We will use an old trick. The surface immediately before us at the bottom of the image frame is taken as the ground truth key for the road. Assuming we are already on a road, this is probably true (unless we are turned sideways and heading off the road). That's what we will do here. First, let's see if this can possibly work by examining the chromaticity image.

cat parkpath.jpg | ./jpg2ppm | ./ppm2chroma -s 8 | display -

Usage:    cat input.ppm | ./ppm2chroma [-s number] > output.ppm
  reduce edge magnitudes by a power of 2 (default is -s 5)
      -s number of bits to right shift

The ppm2chroma command above shows the Cb channel as blue and the Cr channel as red. The shift factor of 8 attenuates detected luminosity (Y channel) edges in green. Normally, it is convenient to see where the blobs of pure chroma align with the edge outlines of the image. That indicates if what we think are objects really do have distinct colors. But this time, we'll tone down the luma edges to make chroma stand out more.

The road surface appears very different from the surrounding grass. It is almost entirely a single color and only has a few small "holes" in it. This means that segmenting the road based on chroma will probably work.

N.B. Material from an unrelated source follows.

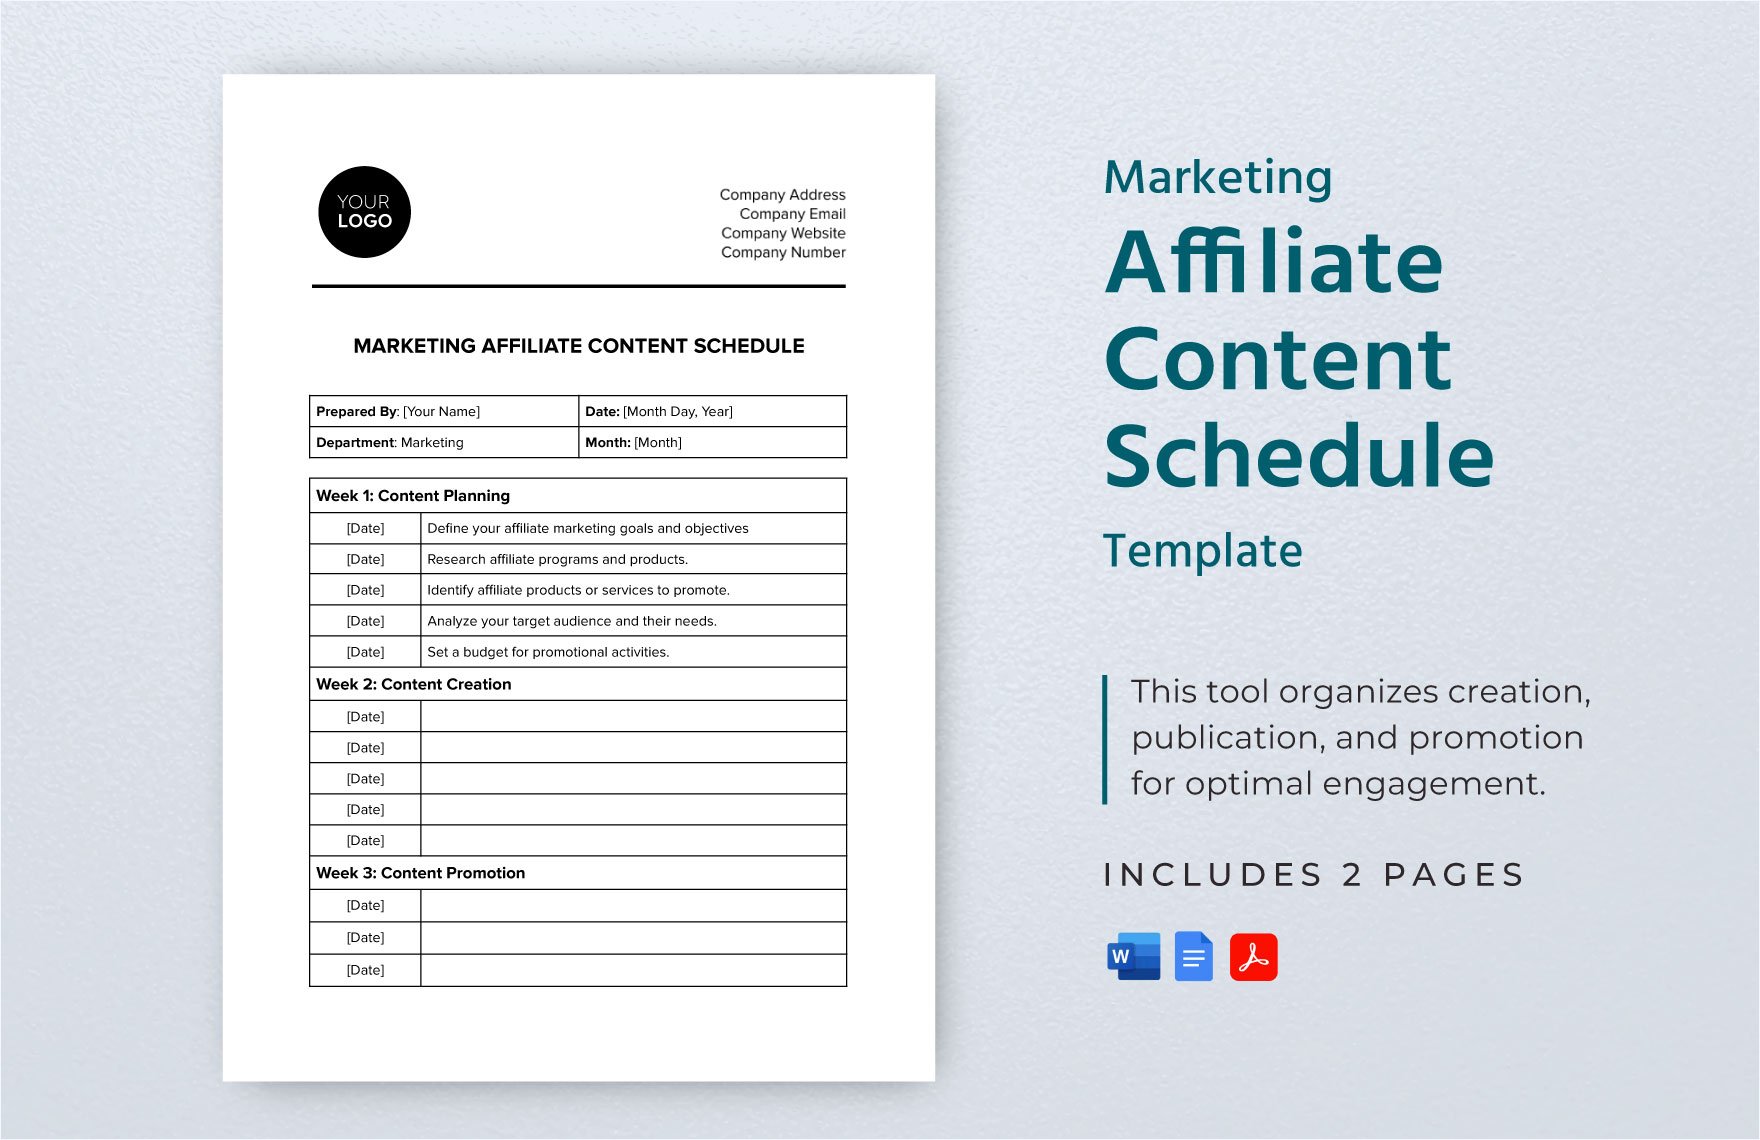 Marketing Affiliate Content Schedule Template in Word, Google Docs, PDF

If the road were made up of many different blotches of color or filled with large holes, then segmentation would alone not work very well.

cat parkpath.jpg | ./jpg2ppm | ./ppm2seg -x 320 -y 480 -p 16 | display -

Usage:    cat input.ppm | ./ppm2seg [-x column] [-y row] [-p size] [-t threshold] [-l|-c] > output.ppm
  location of key patch (default upper left corner -x 0 -y 0)
      -x column
      -y row
  size of key patch (default pixel square -p 16)
      -p number pixels per side (square size must be multiple of 8)
  segmentation threshold radius (default -t 1)
      -t distance from key patch
  segment in luma or chroma (default is -c)
      -l luminosity, the Y channel
      -c chroma, the Cb and Cr channels

The first attempt at segmenting the road from the image does not work very well. The key patch region is a square 16 pixels on a side at the bottom center of the image. Otsu's method gave a threshold of 3. The road is partially segmented, along with lots of tree branches. But at least none of the grass is touched.

cat parkpath.jpg | ./jpg2ppm | ./ppm2seg -x 320 -y 480 -p 128 | display -

This time, we try a much larger key patch region. It is a square 128 pixels on a side. Otsu's threshold is still 3. This means that despite the road appearing of a uniform color, there is still a lot of variation in the pixel values. A fairly large representative sample is required to accurately characterize the road color. The first time, the key patch happened to include outlying pixels too far away from the center of the road pixel values. With a larger sample of the road, the median value more accurately reflects the road's chromaticity.

Still, tree trunks and branches are also being segmented out of the image. Let's see what happens if we segment in luminosity instead of chromaticity.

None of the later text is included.